De Postkoets
“Heel veel jaren geleden op de diligence, reed trots en fier een knappe postiljon,” zo begint het liedje De Postkoets, samen met de voetbalschlager We gaan naar Rome het bekendste werk van tekstdichter Ferry. Hij was op 20 maart 1892 geboren in Amsterdam als Cornelis Johannes Theodorus van Delden, maar werd als ‘Ferry’ bekend. Zou hij zichzelf als postiljon hebben gezien?
Ferry begon zijn werkzame leven als makelaar in tabak in Rotterdam toen hij 16 was, maar besloot na twee jaar van zijn pen te gaan leven, zo zei hij in de Provinciale Noord-Brabantse Courant Het huisgezin van 4 oktober 1958. In een interview met de Waarheid van 13 oktober 1962 vertelde hij hoe hij zijn eerste stappen zette, door veertig teksten te sturen naar Tony Smits, die liedjes schreef voor onder andere Maupie Staal. Hoewel Smits maar twee teksten goed vond, bleek hij toch onder de indruk van Ferry’s talent, getuige zijn commentaar: “jij bent de eerste in tien jaar die het heeft”. Wat ‘het’ was, kon Smits uitleggen: “je hebt humor, je hebt rijm en een aardig ritme”.
Naar eigen zeggen schreef Ferry zo’n 7000 nummers, maar of dat klopt is niet meer vast te stellen, want, zoals hij eveneens zelf opmerkte, hij bewaarde niks. Productief was hij zeker, voor artiesten zoals Lou Bandy, Willy Derby, Bob Scholte, Dorus, Johnny Jordaan en De Selvera’s. Naast De Postkoets en We gaan naar Rome had hij succes met onder meer Aan de muur van het oude kerkhof, De begrafenis van Manke Nelis en Rats, kuch en bonen. Ferry was ook actief als bestuurslid van toonkunstenaarsbond WTL en was mede-oprichter van het fonds Blijvend Applaus, ter ondersteuning van de oude dag van ex-artiesten.
Hij was tweemaal getrouwd. Eerst in 1925 met Mietje Maas, van wie hij in november 1939 scheidde, en vervolgens van december ’39 tot zijn overlijden in 1965 met zangeres Tini Lavell. In 1962 kreeg Ferry samen met Hugo de Groot de eerste Gouden Harp van de stichting Conamus.

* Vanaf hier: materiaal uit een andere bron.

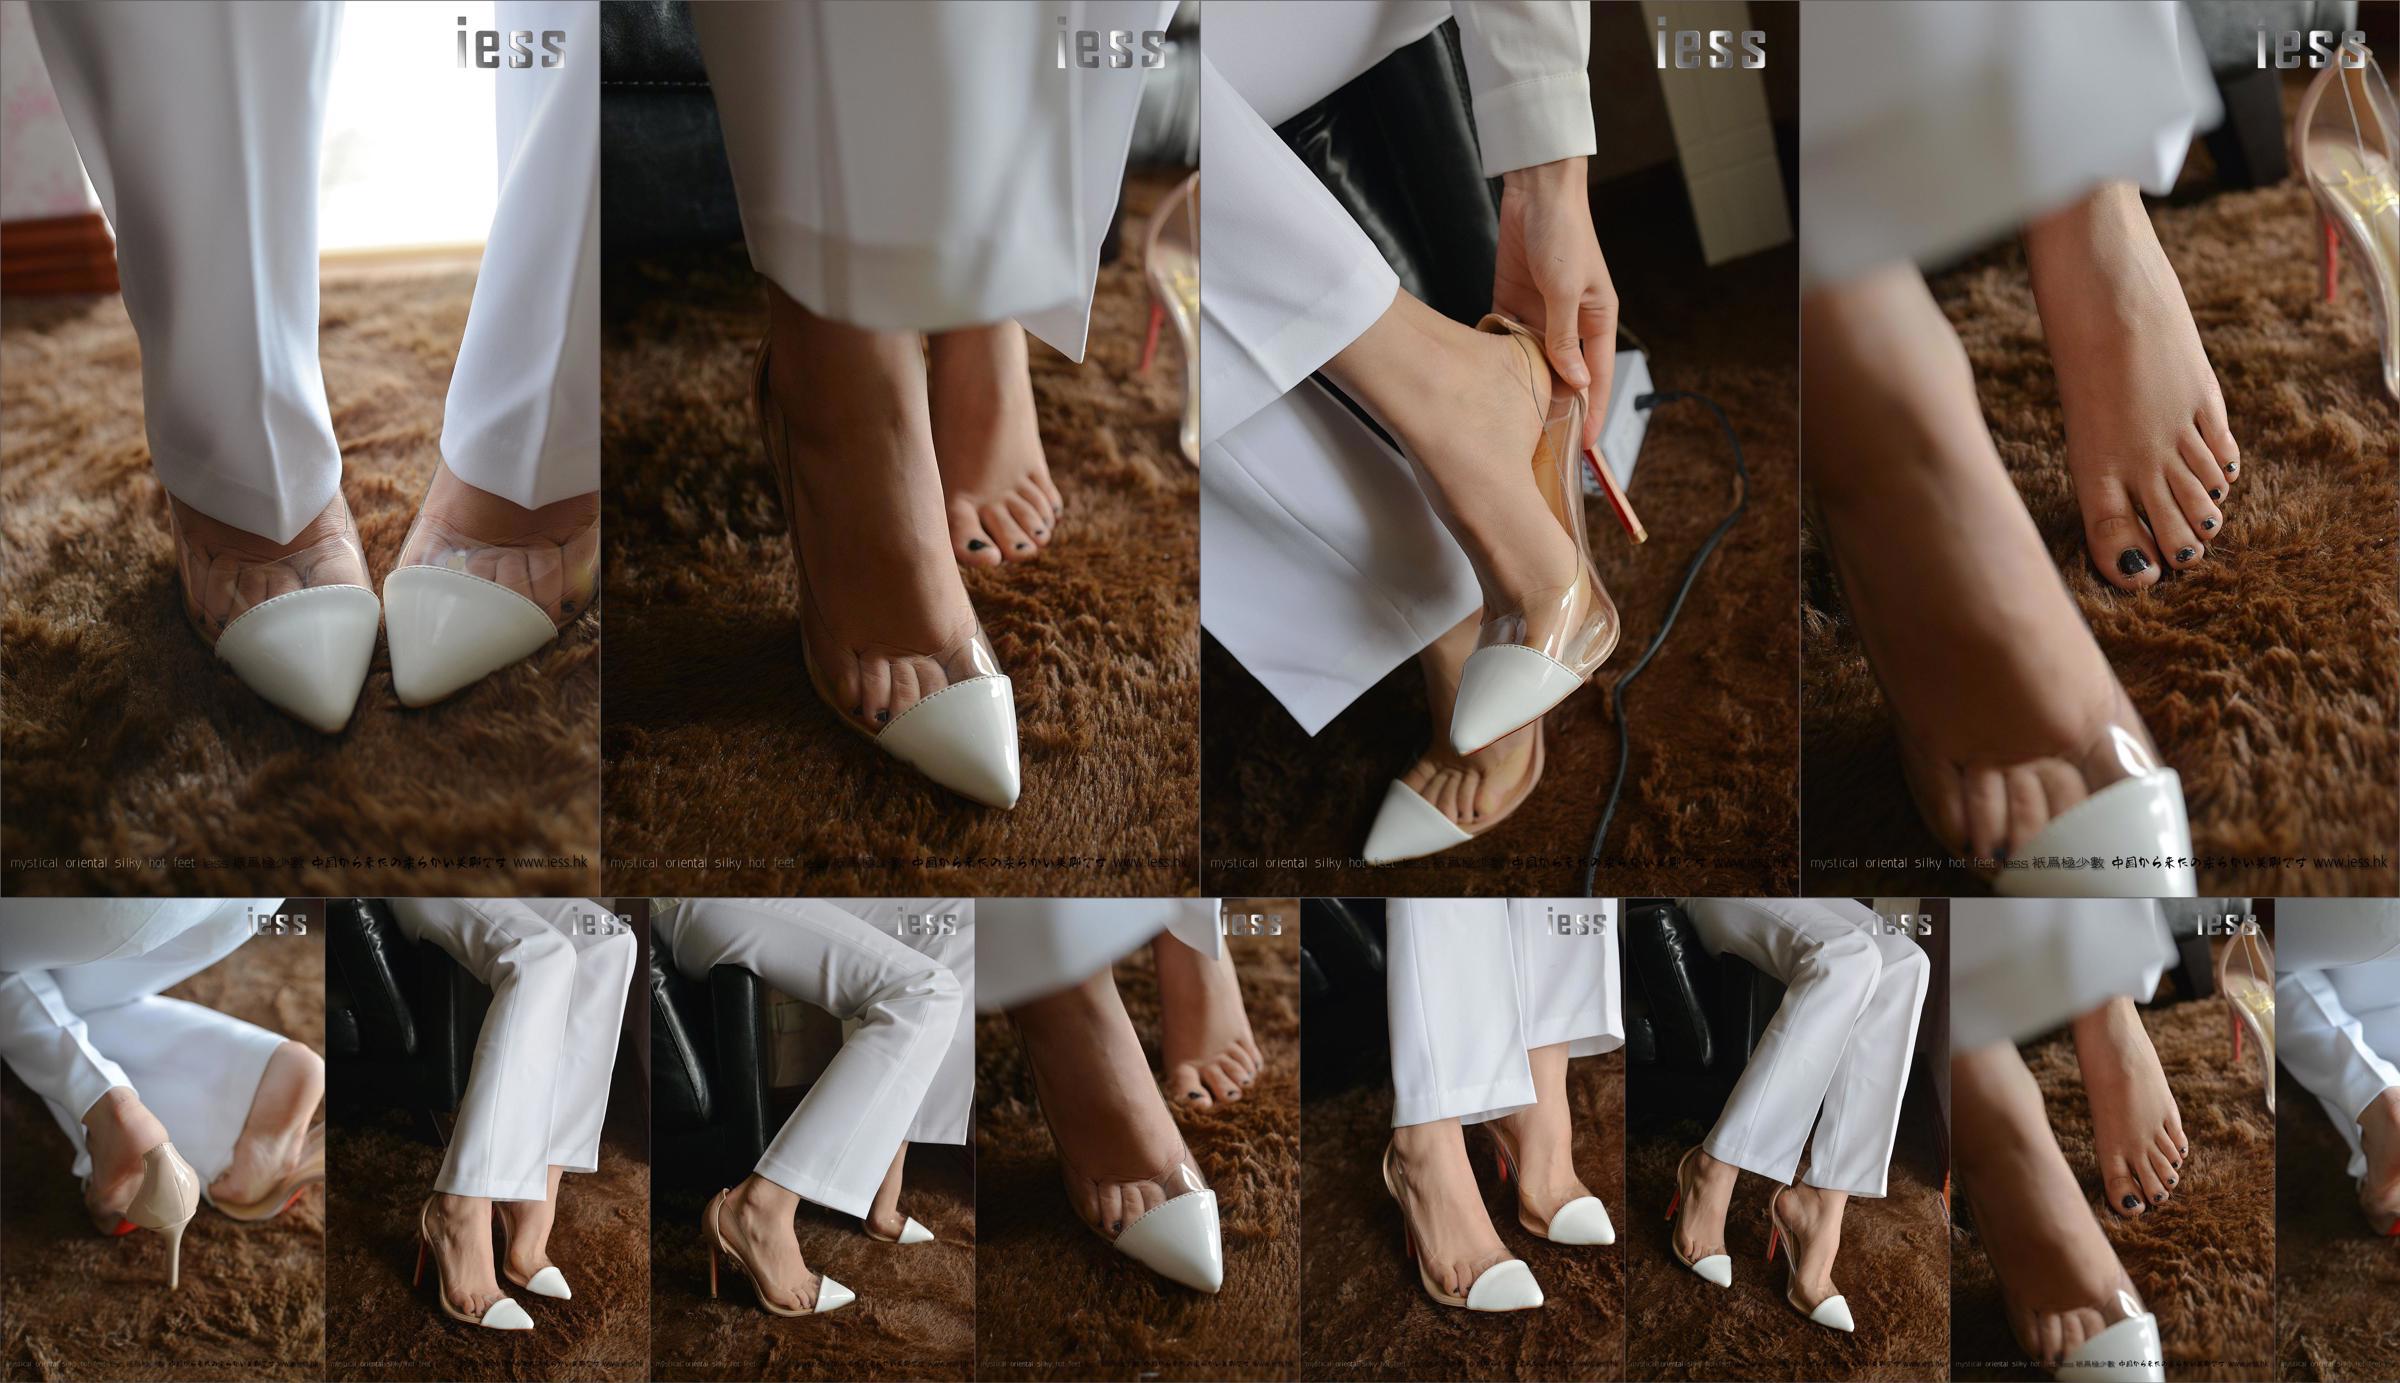 Silky Foot Bento 058 Suspense "Collection-Bare Foot High Heels" [IESS Wei Si Fun Xiang] No.494b56 Halaman 1

De Stichting Omroep Muziek bewaart een flink aantal liedjes van Ferry in de collectie bladmuziek. De meeste covers daarvan zijn niet gesigneerd door de ontwerper, maar bijvo
orbeeld Tante To heeft radio, uitgevoerd door Bob Scholte en Kovacs Lajos, wel: daar staat de naam Schwarz bij tekeningetjes van zanger en ensemble. Ook gesigneerd is de omslag van We gaan naar Rome, geschreven voor Willy Derby en getooid met getekende portretjes van de voetballers die in 1934 de eer van het Nederlands elftal hoog moesten houden. Ze zijn van de hand van niemand minder dan Joop Geesink. Op Pinda-Pinda, Lekka-Lekka staat een ‘Chinese’ straatventer, getekend door Kuhn. Dat zou tegenwoordig andere reacties oproepen dan destijds, toen Willy Derby het zong.
Op de voorkant van De Postkoets staat uiteraard een diligence, getekend door Anton Hagendorn. Deze hit van De Selvera’s was de tune van een radioprogramma van de AVRO. De Hilversumse persfotograaf Jacques Stevens maakte in 1956 een foto van de AVRO-koets, voor het studiogebouw aan de ’s-Gravelandseweg. De technicus op de grond is Fred Bosman. De meereizende reporter in 19de-eeuws kostuum met hoge hoed en microfoon is Tom Nieuwenhuijsen, mijn vader.